One thing of immediate interest is the number of pins on the chip - 18 - which is more common with micro-controllers, than with analogue devices. There's also often no need for any external clock components, or any need to output clock signals on any pins.

It's certainly possible that they could be micro-controllers (particularly as it's common to have touch sensitive input capabilities, or they could be a custom IC - in either case, I suspect you're unlikely to find a replacement.

How old are the units?.
 

Dr Bob

Member
Hi Nigel, it's not a touch sensitive I/C in it's own right, there is a second board that plugs on top of the first that has the touch pad on it and also has a smaller chip which does the touch part, when the pad is touched, this chip sends a TTL level high to the unknown chip, that chip then outputs a high to a darlington array chip which inverts the high and pulls the end of the set relay coil down, there is 15 volts on the other end of the coil, a separate path comes from the unknown chip via the array to pull the re-set coil low, thus you can toggle the light on and off, there is further circuitry involved with the switches being able to switch each other on and off.

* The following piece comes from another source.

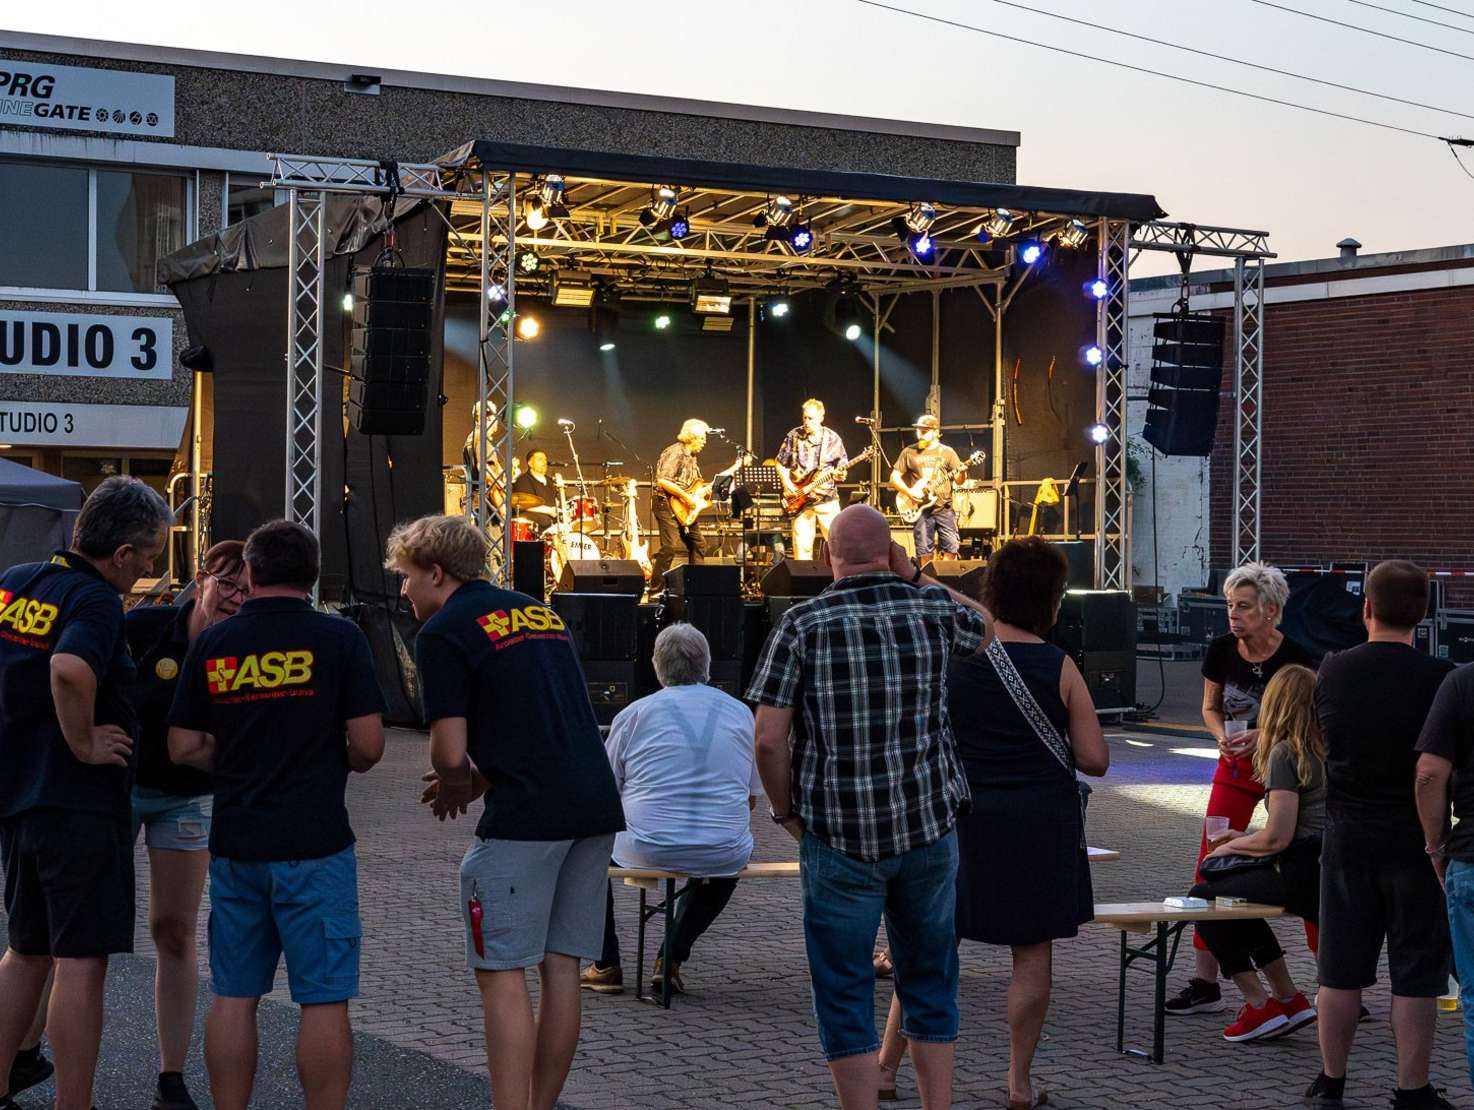 Auftritt der Band Roaring Silence beim Stadtteilfest des ASB Ortsverband Hamburg-Nordost e.V.  Foto: Arne Schütte.

I am not sure if I would be breaking any copyright laws if I post the full circuit, and at this stage it is only hand drawn by me representing three days of work reverse engineering it.
The chip Has vss on 5 and VDD on 14 like a pic chip, it is powered with 3volts
I have just looked at my drawings and I think I can post a photo of just the unknown chips circuit without all the control and power supply circuits as it's on a separate sheet.
I bought them on everyone's favorite online store last week, maybe a couple of years old? £24.90 per unit.
Ok let's try to take a picture, oh! there are two sets of connectors top right the one with the square pads goes to the plug in touch board, the one above it has no connections off the board, the connections shown are tracks on the board. The A & B and unused pins are for the two pole version with two relays.
I proved the chip is faulty by transfering one from another switch with hot air rework station.. I have emailed Fremont Micro Devices who I think the logo belongs to.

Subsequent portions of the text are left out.